A differenza delle serie di Sorkin, nessuno dei personaggi di The Morning Show è davvero convinto di poter cambiare il mondo con il proprio lavoro: sono tutti contemporaneamente molto più cinici e molto meno seriosi e autocompiaciuti, e semmai il percorso di molti di loro è quello opposto, è un prendere coscienza di avere il potere (e dunque, Spider-Man insegna, la responsabilità) di agire per la collettività, e non solo per il successo personale. E, più ancora della prima, la seconda stagione di The Morning Show prova a mettere in scena il caos di un mondo pieno di interessi opposti, di ego immensi, di contraddizioni incompatibili. Una realtà in cui siamo finalmente tutti più consapevoli, ma non per questo ci è più facile rimediare ai danni, essere onesti, agire nel modo migliore, fare la cosa giusta. Anzi.

L’anima doppia di The Morning Show, in fondo, sta lì dall’inizio, davanti ai nostri occhi, già dentro il suo titolo, che è contemporaneamente quello della serie e quello del programma che la serie racconta. Un programma generalista – il fittizio show del mattino condotto da Alex/Jennifer Aniston e Bradley/Reese Witherspoon – che più generalista non si potrebbe: un pilastro della “vecchia” televisione, quella che faceva compagnia a un pubblico larghissimo e trasversale, alle famiglie mentre si preparavano per andare al lavoro o a scuola, alle casalinghe che rimanevano a casa, a chi si fermava a guardare di sfuggita nei luoghi pubblici, nei centri commerciali e nei bar. Una televisione fondata sulle abitudini e sulla familiarità, in cui era lo spettatore ad adeguarsi al palinsesto, in cui si proponeva un misto di informazione light e di intrattenimento innocuo, per piacere a tutti e non disturbare nessuno. Una televisione che oggi sta scomparendo, perché il pubblico è sempre più fratturato, e anche perché le sempre più numerose piattaforme streaming (come, appunto, Apple TV+) stanno abbattendo a picconate i vecchi consumi culturali: ognuno può vedere quello che vuole, quando vuole, dove vuole (anche se poi, molto spesso, va a finire che guardiamo quasi tutti l’ennesimo ultimo successo Netflix).
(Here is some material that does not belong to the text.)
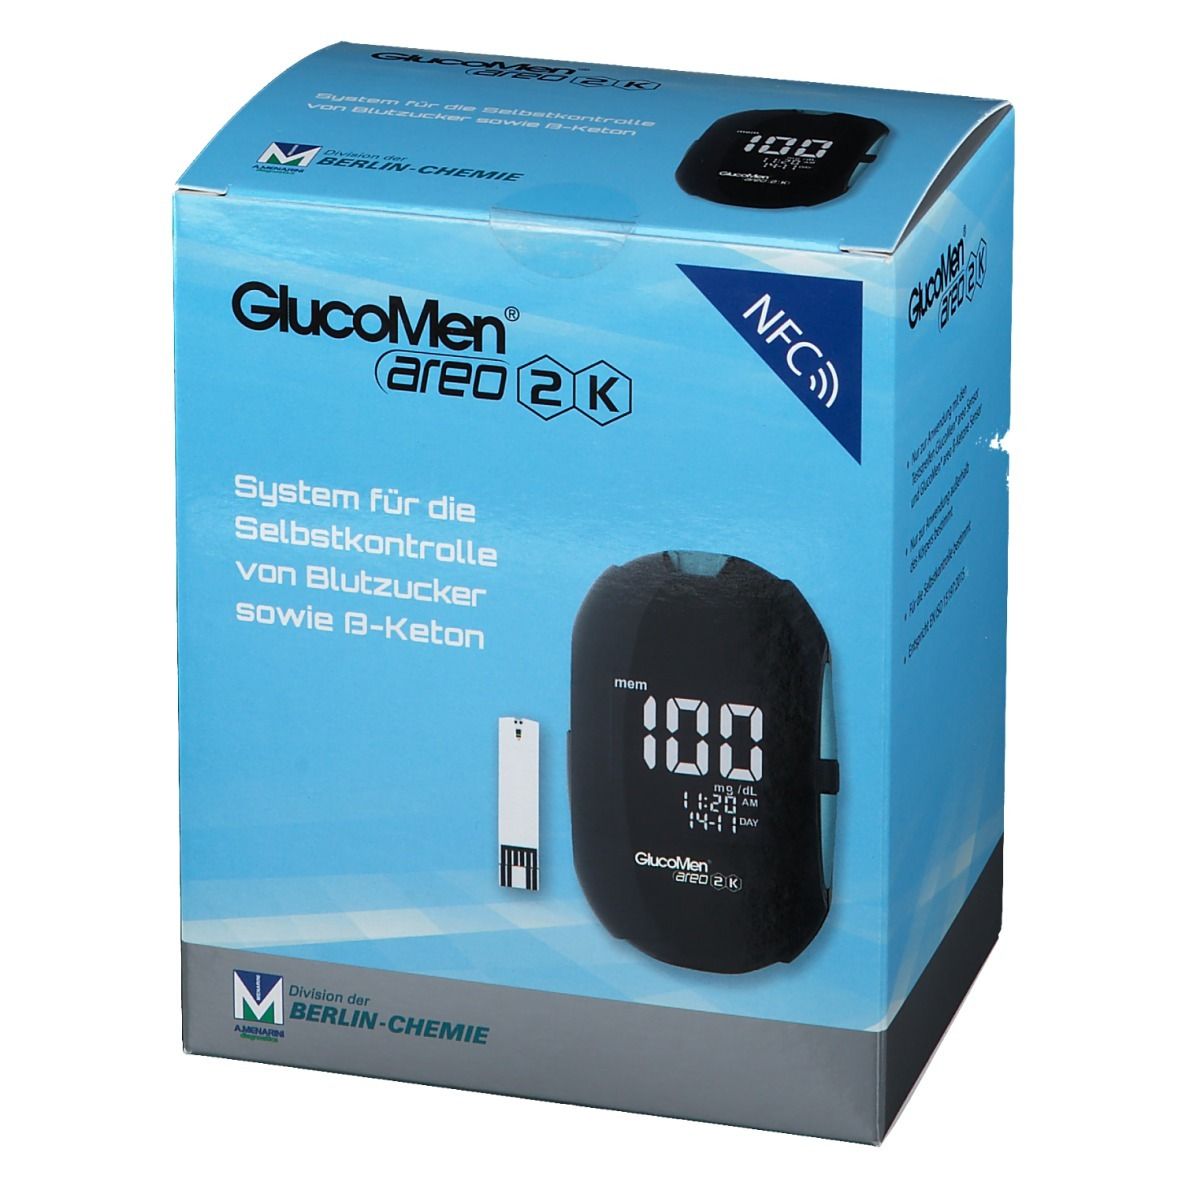 GlucoMen® areo 2K Blutzucker Set mg/dl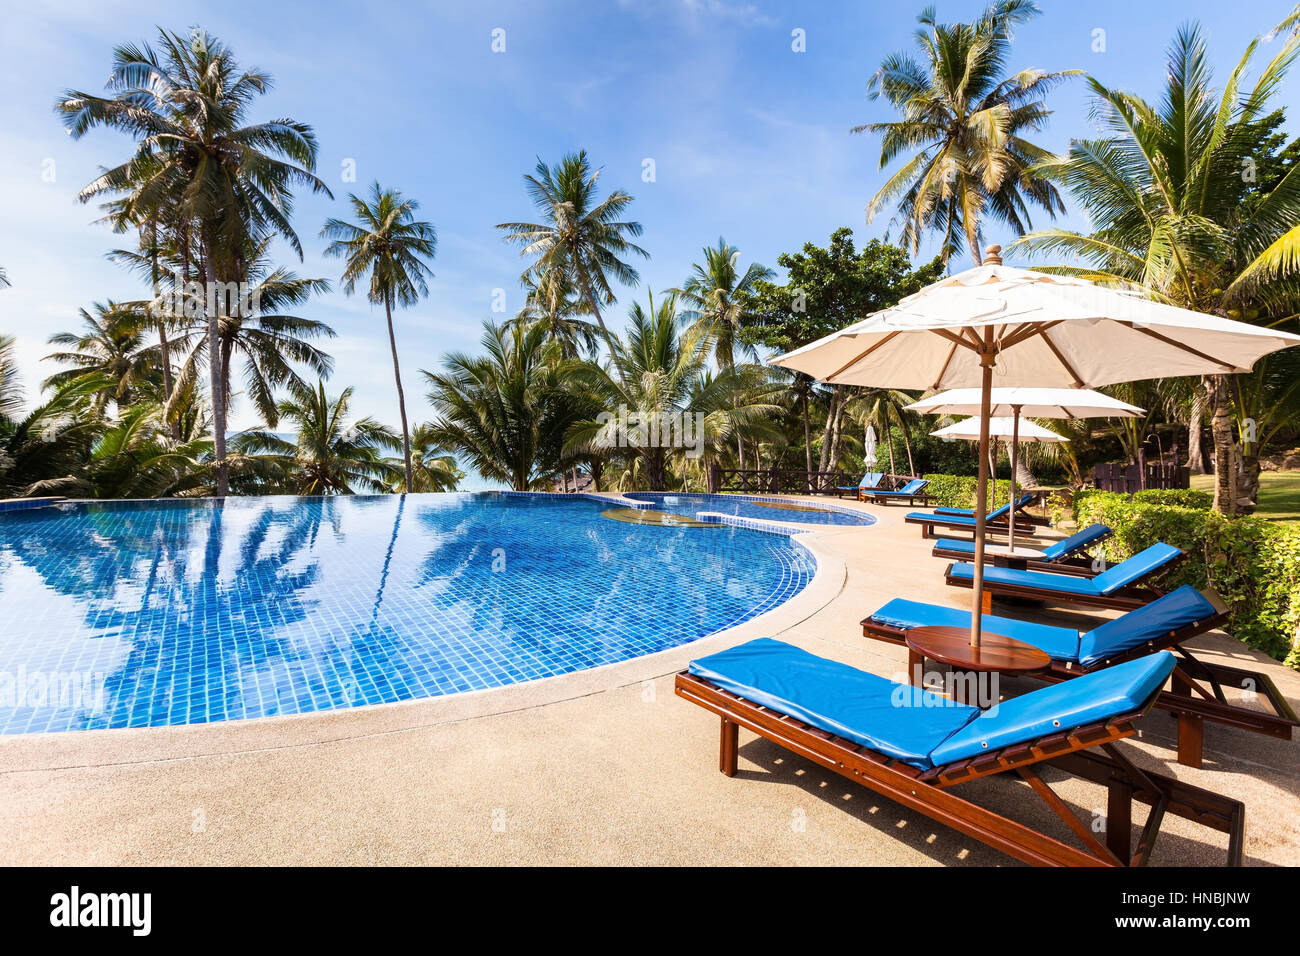 Belle tropical beach front hotel hotel avec piscine, transats et palmiers au cours d'une chaude journée ensoleillée, destination paradisiaque pour les vacances Banque D'Images

Che The Morning Show provi a raccontare la vecchia tv dallo spazio privilegiato di una piattaforma nuova può sembrare quasi uno sfottò, una presa in giro; ma che lo faccia con le forme e i modi di un buon drama generalista, certo altalenante ma quasi mai semplicistico, con attenzione al coinvolgimento emotivo ma pure alle sfumature, be’… sembra quasi, per quella vecchia televisione, un atto d’amore.